Personal information
- Full name: William Eason
- Born: 2 February 1882 Liverpool, England
- Died: 6 December 1957 (aged 75) Wendouree, Victoria
- Original team: Barwon
- Debut: Round 1, 1902, Geelong vs. Carlton, at Princes Park
- Height: 178 cm (5 ft 10 in)
- Weight: 79 kg (174 lb)

Playing career^{1}
- Years: Club / Games (Goals)
- 1902–1915: Geelong / 220 (187)

Coaching career
- Years: Club / Games (W–L–D)
- 1912–1913: Geelong / 37 (21–16–0)
- ^{1} Playing statistics correct to the end of 1915.

= Bill Eason =

Australian rules footballer and coach

William Eason (2 February 1882 – 6 December 1957) was an Australian rules footballer who played for Geelong Football Club. He was the brother of Geelong great Alec Eason.

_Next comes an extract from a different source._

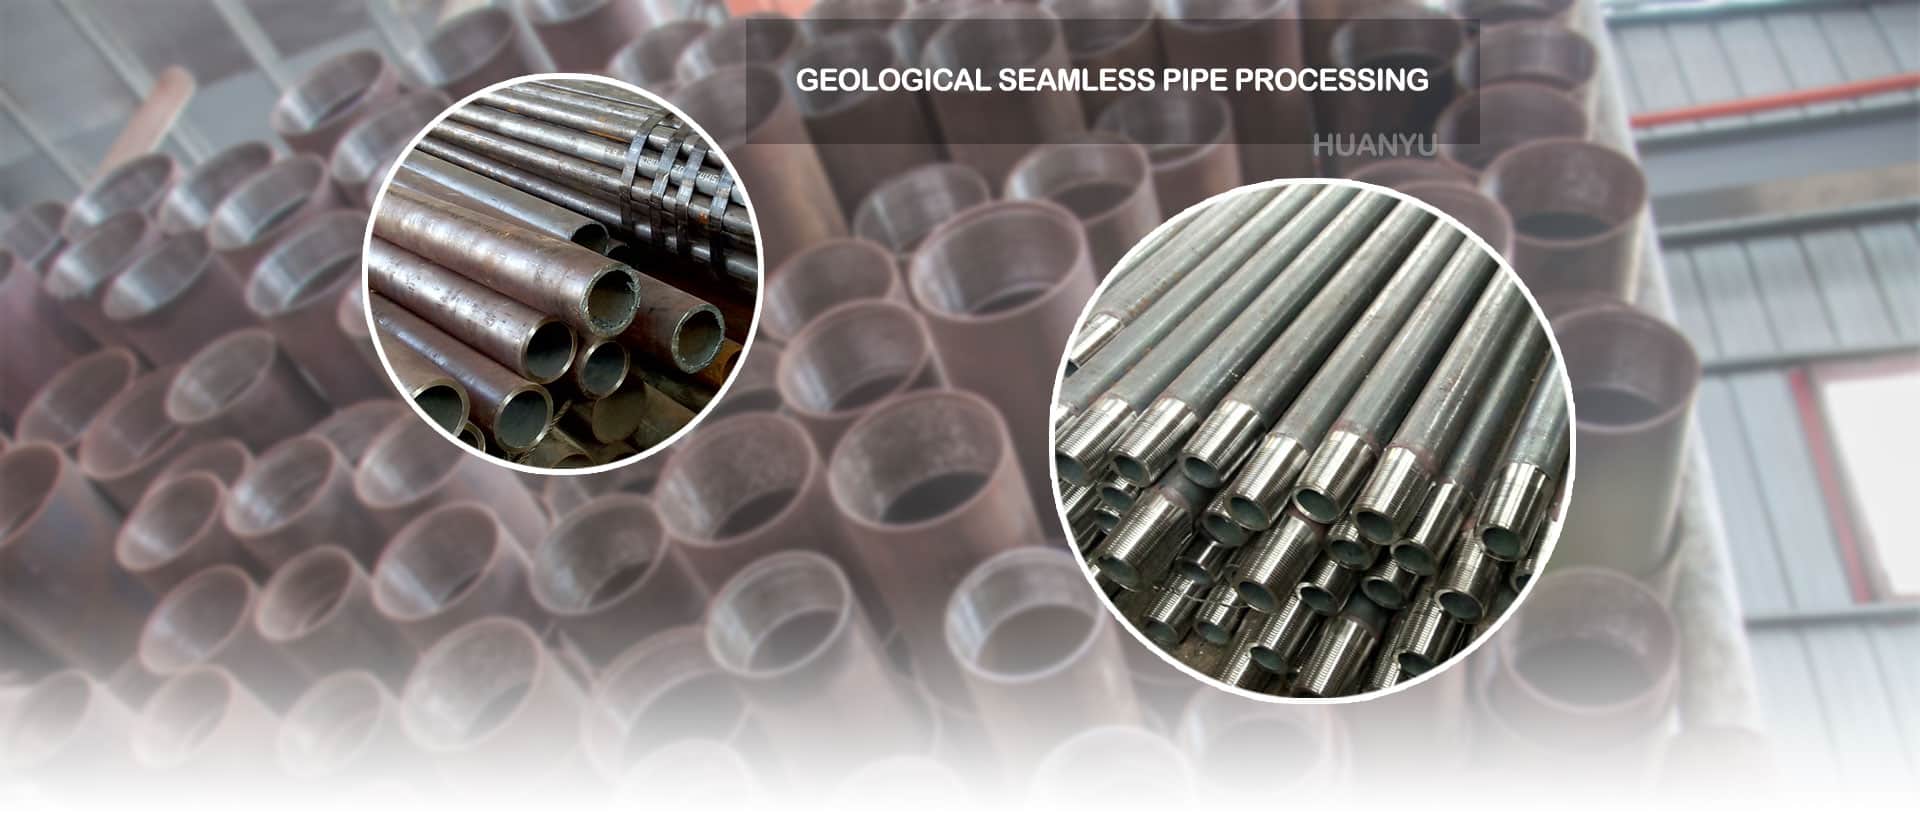 Geological seamless pipe processing

Eason migrated from Liverpool in England to Geelong in 1883 with his family aboard the steam ship Duke of Buckingham.

A centreman, Eason will forever hold a place in the Geelong record books as being their first footballer to play 200 VFL games. Bill was also an outstanding cricketer in the Geelong Cricket Association taking 547 wickets at 10.7 from 1902 to 1931. He is buried at the East Geelong Cemetery in a family plot that is marked with his younger brother's headstone who died of injuries sustained in a football match at the Corio Oval aged in his early twenties.